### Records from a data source
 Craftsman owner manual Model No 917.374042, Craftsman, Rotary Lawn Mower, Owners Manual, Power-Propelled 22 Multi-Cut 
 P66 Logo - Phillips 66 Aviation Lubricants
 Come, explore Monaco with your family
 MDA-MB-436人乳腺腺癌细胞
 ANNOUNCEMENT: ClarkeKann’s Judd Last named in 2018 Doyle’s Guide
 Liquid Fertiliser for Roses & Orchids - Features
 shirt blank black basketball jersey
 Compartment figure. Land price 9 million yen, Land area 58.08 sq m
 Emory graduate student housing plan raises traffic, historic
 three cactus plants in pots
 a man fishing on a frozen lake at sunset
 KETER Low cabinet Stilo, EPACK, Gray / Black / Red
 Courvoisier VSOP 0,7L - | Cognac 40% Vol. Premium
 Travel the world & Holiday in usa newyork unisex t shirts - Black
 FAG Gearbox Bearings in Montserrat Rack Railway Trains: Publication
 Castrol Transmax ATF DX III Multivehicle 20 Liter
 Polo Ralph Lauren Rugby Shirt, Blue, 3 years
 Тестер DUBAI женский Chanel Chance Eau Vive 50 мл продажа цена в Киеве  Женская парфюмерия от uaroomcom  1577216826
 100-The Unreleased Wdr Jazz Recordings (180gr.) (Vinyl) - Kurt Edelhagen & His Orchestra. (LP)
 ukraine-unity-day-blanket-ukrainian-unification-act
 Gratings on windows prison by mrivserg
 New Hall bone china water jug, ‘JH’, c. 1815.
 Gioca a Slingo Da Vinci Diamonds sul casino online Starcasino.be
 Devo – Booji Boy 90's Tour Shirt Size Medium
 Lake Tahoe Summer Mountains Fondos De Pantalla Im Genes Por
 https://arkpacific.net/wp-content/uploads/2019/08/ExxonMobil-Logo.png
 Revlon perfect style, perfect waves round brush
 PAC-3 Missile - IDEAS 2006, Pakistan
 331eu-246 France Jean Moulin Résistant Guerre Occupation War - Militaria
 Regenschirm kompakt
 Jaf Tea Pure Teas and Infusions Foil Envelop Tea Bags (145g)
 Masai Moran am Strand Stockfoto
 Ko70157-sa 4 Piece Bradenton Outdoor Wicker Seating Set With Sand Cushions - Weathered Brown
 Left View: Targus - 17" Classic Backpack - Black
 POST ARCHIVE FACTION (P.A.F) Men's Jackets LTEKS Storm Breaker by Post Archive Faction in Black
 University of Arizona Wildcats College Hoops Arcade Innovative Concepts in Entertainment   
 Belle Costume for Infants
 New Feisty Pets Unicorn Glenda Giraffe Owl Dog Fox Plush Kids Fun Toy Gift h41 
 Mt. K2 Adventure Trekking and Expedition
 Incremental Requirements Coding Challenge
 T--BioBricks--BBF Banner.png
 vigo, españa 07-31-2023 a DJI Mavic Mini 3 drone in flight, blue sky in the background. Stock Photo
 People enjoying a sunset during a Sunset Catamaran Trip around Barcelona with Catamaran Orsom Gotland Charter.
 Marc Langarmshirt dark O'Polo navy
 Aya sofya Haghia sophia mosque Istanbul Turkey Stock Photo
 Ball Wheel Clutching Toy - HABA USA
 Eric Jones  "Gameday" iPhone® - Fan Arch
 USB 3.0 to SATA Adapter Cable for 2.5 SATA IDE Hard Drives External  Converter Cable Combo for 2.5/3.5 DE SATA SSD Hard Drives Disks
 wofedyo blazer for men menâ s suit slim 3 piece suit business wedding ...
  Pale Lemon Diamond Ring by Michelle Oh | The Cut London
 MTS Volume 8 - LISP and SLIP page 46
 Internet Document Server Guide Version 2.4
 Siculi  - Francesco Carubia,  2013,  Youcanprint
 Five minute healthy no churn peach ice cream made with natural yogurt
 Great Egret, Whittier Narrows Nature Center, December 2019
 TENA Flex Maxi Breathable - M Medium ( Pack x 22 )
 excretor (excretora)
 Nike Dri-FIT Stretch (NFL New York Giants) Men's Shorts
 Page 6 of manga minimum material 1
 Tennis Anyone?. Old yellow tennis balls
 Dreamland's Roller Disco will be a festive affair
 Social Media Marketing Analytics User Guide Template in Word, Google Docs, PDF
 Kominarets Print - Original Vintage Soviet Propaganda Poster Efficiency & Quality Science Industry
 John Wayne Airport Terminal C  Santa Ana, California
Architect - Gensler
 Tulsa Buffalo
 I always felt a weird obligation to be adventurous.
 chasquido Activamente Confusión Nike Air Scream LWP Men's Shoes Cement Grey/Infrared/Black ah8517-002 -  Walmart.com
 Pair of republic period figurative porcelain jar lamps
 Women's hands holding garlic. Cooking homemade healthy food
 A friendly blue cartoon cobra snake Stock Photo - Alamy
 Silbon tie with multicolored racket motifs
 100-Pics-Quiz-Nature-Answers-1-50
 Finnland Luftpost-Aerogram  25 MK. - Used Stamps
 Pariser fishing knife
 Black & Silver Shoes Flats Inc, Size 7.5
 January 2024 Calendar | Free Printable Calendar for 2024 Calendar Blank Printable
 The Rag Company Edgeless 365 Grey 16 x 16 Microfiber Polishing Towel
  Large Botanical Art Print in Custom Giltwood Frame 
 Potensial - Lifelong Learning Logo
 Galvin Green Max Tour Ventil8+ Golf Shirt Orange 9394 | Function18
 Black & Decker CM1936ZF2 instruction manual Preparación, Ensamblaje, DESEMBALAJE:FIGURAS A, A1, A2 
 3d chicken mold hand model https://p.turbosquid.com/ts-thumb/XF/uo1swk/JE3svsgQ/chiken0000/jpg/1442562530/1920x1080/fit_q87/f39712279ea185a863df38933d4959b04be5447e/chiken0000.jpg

### Task objective
Could you restate word for word the lines above from the one containing "Pariser fishing knife" through the one containing "Large Botanical Art", both included, and nothing else?

### Answer section
 Pariser fishing knife
 Black & Silver Shoes Flats Inc, Size 7.5
 January 2024 Calendar | Free Printable Calendar for 2024 Calendar Blank Printable
 The Rag Company Edgeless 365 Grey 16 x 16 Microfiber Polishing Towel
  Large Botanical Art Print in Custom Giltwood Frame 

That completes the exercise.